Review of “Richard Fenno’s Theory of Congressional Committees and the Partisan Polarization of the House,” by John Aldrich, Brittany Perry, and David Rohde

            In their article, the authors argue that Richard Fenno’s forty year-old theory of congressional committees is still a useful approach to understanding the function of committees in a House of Representatives that is significantly different from the one that Fenno studied in the 1970s. Fenno maintained that congressional committees served as the principal means by which members sought and achieved “one or more of three goals: reelection, power within the chamber, and good public policy.”[1] The significant difference noted by the authors is the increased partisanship of the congressional parties and the heightened party discipline that the partisanship entails. This resulted, say the authors, from the Republican takeover of Congress in 1994 after forty or more years of Democratic control.[2] Reflecting this change, the authors amend Fenno’s theory by adding a fourth goal—“the achievement or maintenance of majority status—” because the demise of the Democratic hegemony means that in congressional elections, both parties now have a chance to win control of the House and Senate.[3]

 

The authors test the amended Fenno theory by examining how three contemporary House committees—Rules, Appropriations, and Ways and Means—serve members in achieving the four goals in this era of intensified partisanship. The authors find that these committees continue to provide the means by which congressmen achieve the goals on the amended Fenno list:

Both the personal incumbency-oriented goals and the collective goals of the party [can] be achieved by the majority party’s capturing of the traditional sources of power in the House, the committees, and by the implementation of collective goals through those committees.[4]  (Emphasis added.)

 

 

The authors argue that the most important difference in congressional politics since Fenno’s time  has been the intensification of “party polarization on policy.”[5] This change has made the goal of “good public policy”—or perhaps we should read that as “good party policy”—even more important for the parties and for their individual members. This is true for the parties, because increasingly the national parties are identified in the minds of the voters as representing this or that platform or policy agenda. The parties need to be able to follow through on their promises.
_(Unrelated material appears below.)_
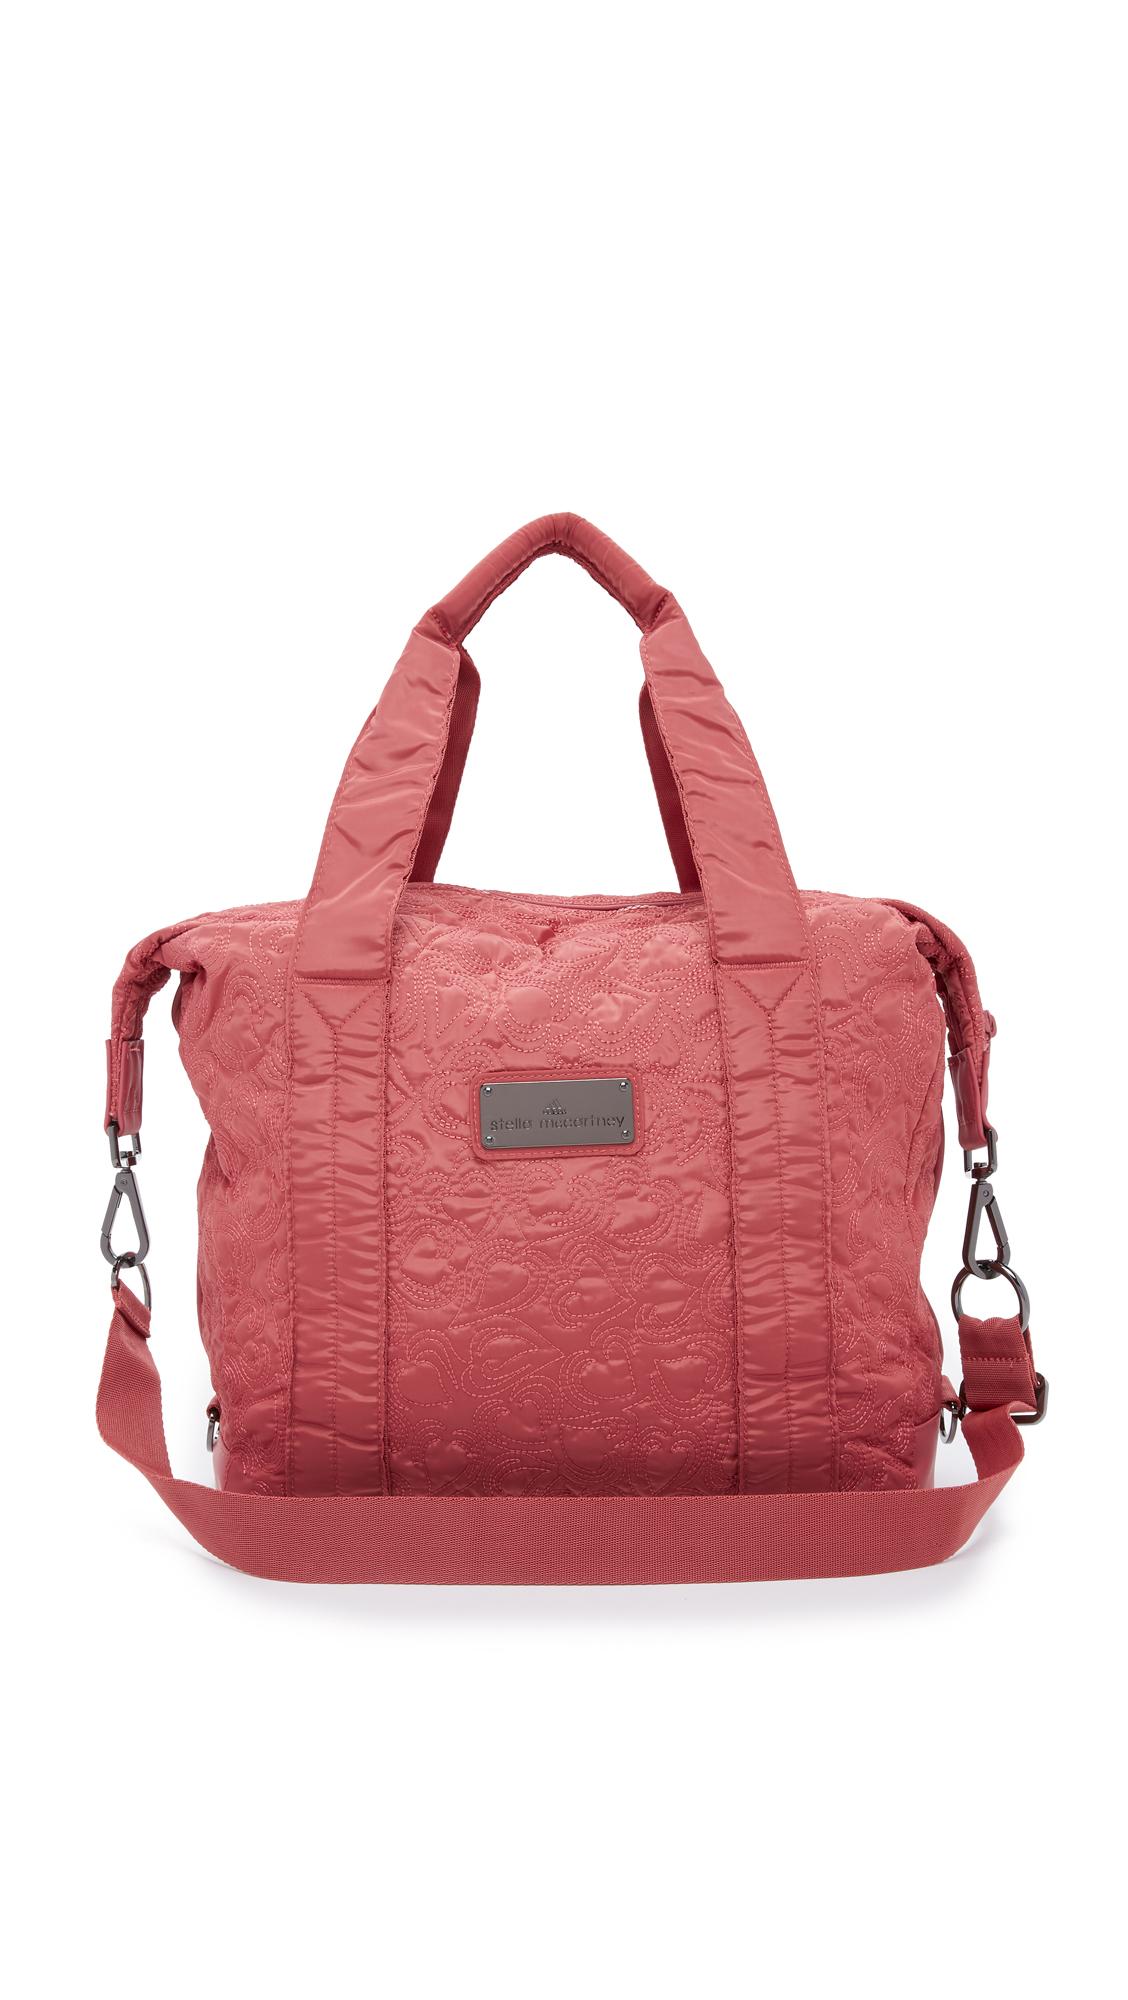 bdbb4a4e78 Lyst - adidas By Stella McCartney Small Gym Bag in Red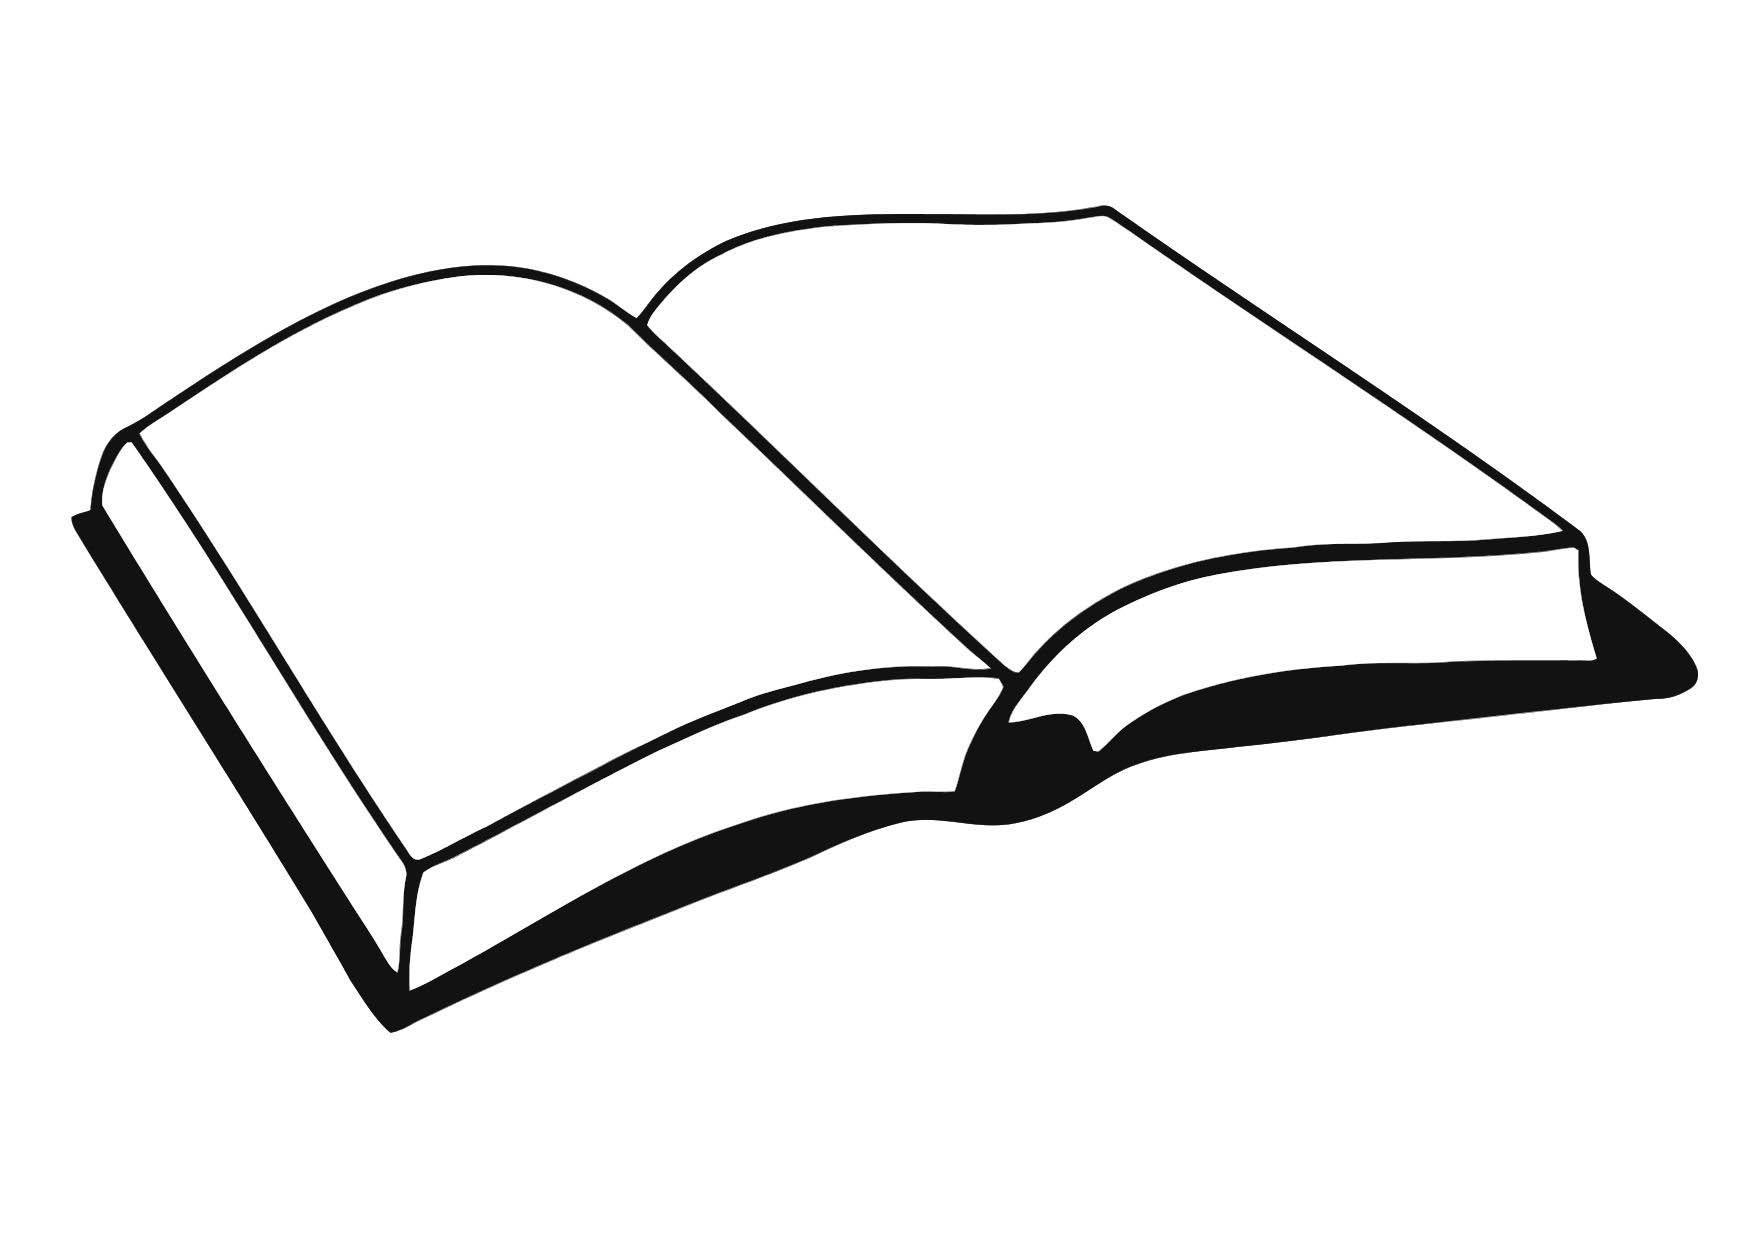 Malvorlage Buch | Ausmalbild 11433.

For the members, who are increasingly identified with the policies that their party labels represent, being able to work in the committees and make the committees reflect their political will is important for their own reelection goals. The voters are more partisan than they were in the 70s.

 

Each of the three committees that the authors study supports this argument. The Rules Committee as the essential arm of the majority leadership is tasked with providing majority with the most favorable environment for floor action on party initiatives.[6] Ways and Means, with its oversight of perennially important issues such as Social Security and taxes, also allows the majority party members to report bills reflecting the party positions.[7] Finally, Appropriations, which strongly influences that level of funding necessary to favor the majority’s programs and starve those favored by the minority, also facilitates the majority party’s goals.[8]

 

The authors offer a persuasive argument for the continued validity of an amended—albeit a significantly amended—Richard Fenno theory.



[1] Lawrence C. Dodd and Bruce I. Oppenheimer, eds., Congress Reconsidered, 10th ed., 193-4.

[2] Ibid., 197.

[3] Ibid., 198.

[4] Ibid., 216.

[5] Ibid.

[6] Ibid., 200-204, particularly at 203.

[7] Ibid., 204-210, particularly 209-210.

[8] Ibid., 210-215, particularly 215.